Hope you understood!!

this is the sort of problem that is about 1000 times as hard to solve with theory as it is to solve just by picking numbers. WITH DS PROBLEMS ABOUT REMAINDERS, YOU SHOULD STRONGLY CONSIDER NUMBER-PICKING SOLUTIONS.

watch how simple the number-picking solution is:


let's just pick some numbers that give odd remainders upon division by 21.

* how about n = 22 (gives a remainder of 1 upon division by 21, so satisfies the statement)
--> when you divide this by 7, you get a remainder of 1


* how about n = 24 (gives a remainder of 3 upon division by 21, so satisfies the statement)
--> when you divide this by 7, you get a remainder of 3

insufficient.




let's just pick some numbers that give a remainder of 3 upon division by 28.
to get these, add 3 to a bunch of multiples of 28
--> 31, 59, 87, 115, 143, etc.
if you divide these by 7, you'll notice that the remainders are all 3.
--> clear PATTERN of the same # every time
--> sufficient!

--

by the way, the theory way to solve #2 is:
write n = 28k + 3, where k is an integer
therefore, since 28k is a multiple of 7, that part won't contribute to the remainder when you divide by 7; thus the remainder will be 3.

This makes a lot of sense.
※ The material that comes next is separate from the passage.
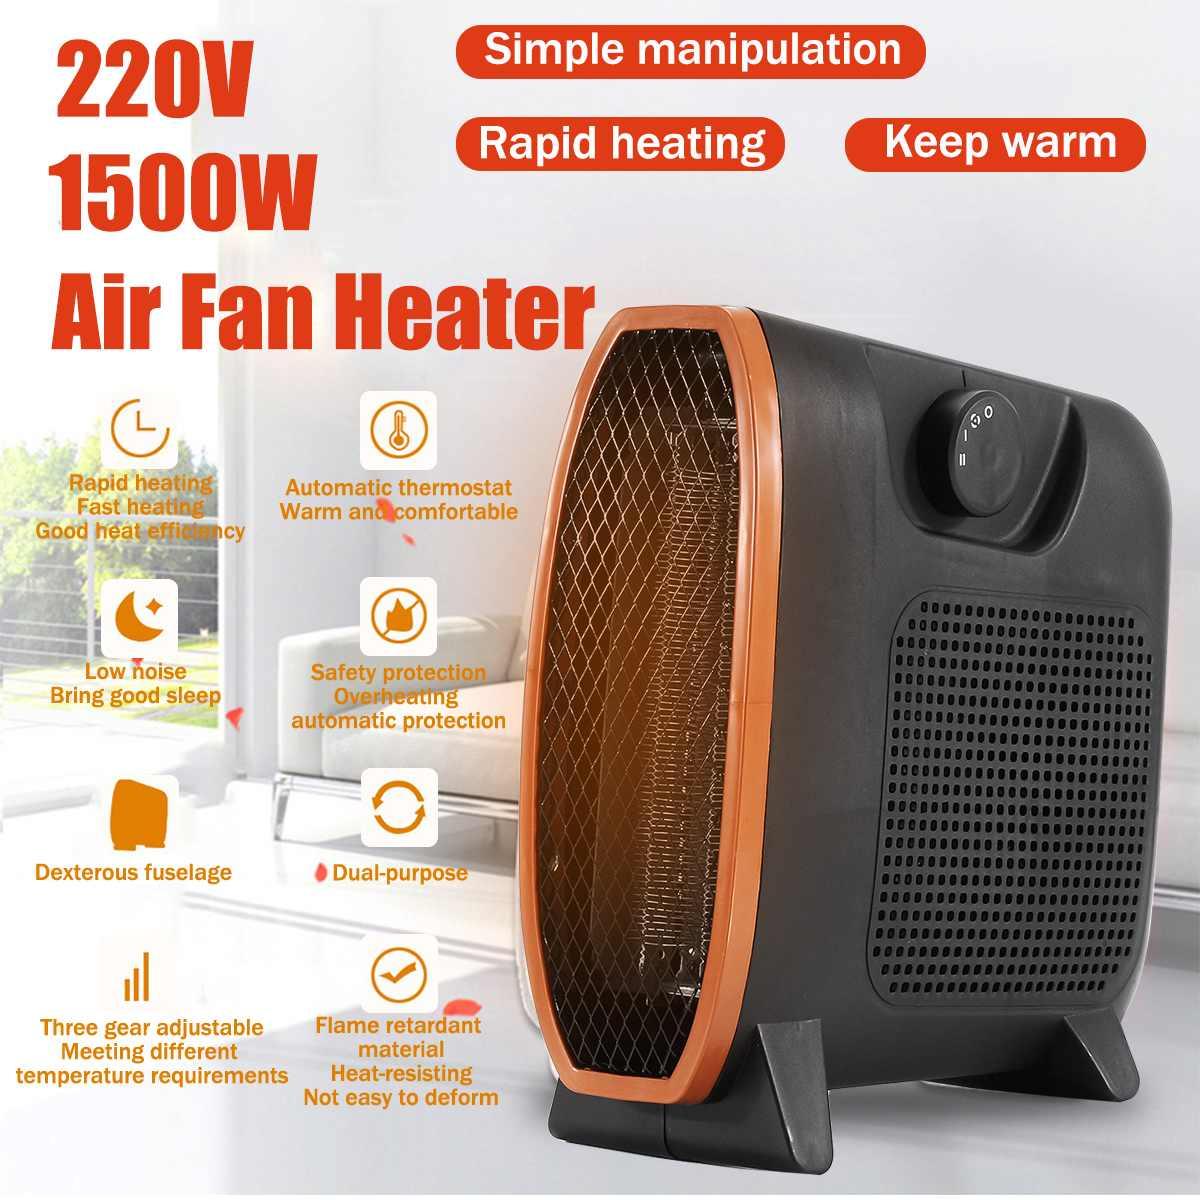 220V 1500W Electric Heater Mini Fan Heater Desktop Household Heating Stove Radiator Warmer Winter Handy Room Heater Air Cooler

Thanks for the quick reply!!

glad to hear it!

_________________
Tim Sanders
Manhattan GMAT Instructor

Ron:

Would statement 1 qualify for an outright rejection (quite like my application to Harvard), because the moment we see "the remainder is an odd number", we must think, this is insufficient-the remainder could be both 1 and 9997797977911.

I mean, is this one of those DS questions that can be solved under a minute and a half?

Well easy way to solve under 30 sec would be

Reminder for n/7 could be always either of 1,2,3,4,5, or 6.

A: n/21 is ODD
which is n/(7*3) = ODD ==> n/7= ODD *3 = EVEN
which is (2,4,6) So INSUFFICIENT

B: n/28 = 3 (Definite value - So this may be the potential answer)
n/(7*2*2) = 3
n/7 = 12 ==> remainder is 5 so it a definite answer

well, no. a remainder must be smaller than the number you are originally dividing by.
so, the remainder produced by dividing an integer by 21 must be somewhere from 0 to 20. also, the answer to the problem itself has to be an integer from 0 to 6.

still, it shouldn't take you very long to find cases that prove this statement insufficient.
for instance, when 22 is divided by 21, the remainder is 1, so n can be 22. if n is 22, then the answer to the question is 1.
when 24 is divided by 21, the remainder is 1, so n can be 24 as well. if n is 24, then the answer to the question is 3.
that's two different answers to the question, so, insufficient.

amazingly, the vast majority of posts on this forum that start with “oh, this is easy” turn out to be wrong. this is no exception.

please be very, very careful about using words like “easy” in a forum that, by definition, is full of struggling learners. not only is it a disrespectful cheap shot against people who find the problem difficult, but it will also come back to bite you if your own solution is incorrect (as is the case here).




this work is 100% incorrect; if it gives you the correct answer to the question, then that is pure luck.

the problem statement is talking about remainders; this work has nothing whatsoever to do with remainders -- you are writing equations that deal with the quotient itself, not the remainder. (i.e., “n/21 is odd” does not mean that the remainder from dividing n by 21 is odd; it means that the quotient itself is odd. in fact, if n/21 is an odd integer, then the remainder upon dividing n by 21 can't be odd, because it will always be 0.)

please read the posts above to get a sense of what you actually can do on this problem; you'll have to start from scratch.

note also that the second statement (the one that is sufficient) actually gives an answer of r = 3, not r = 5.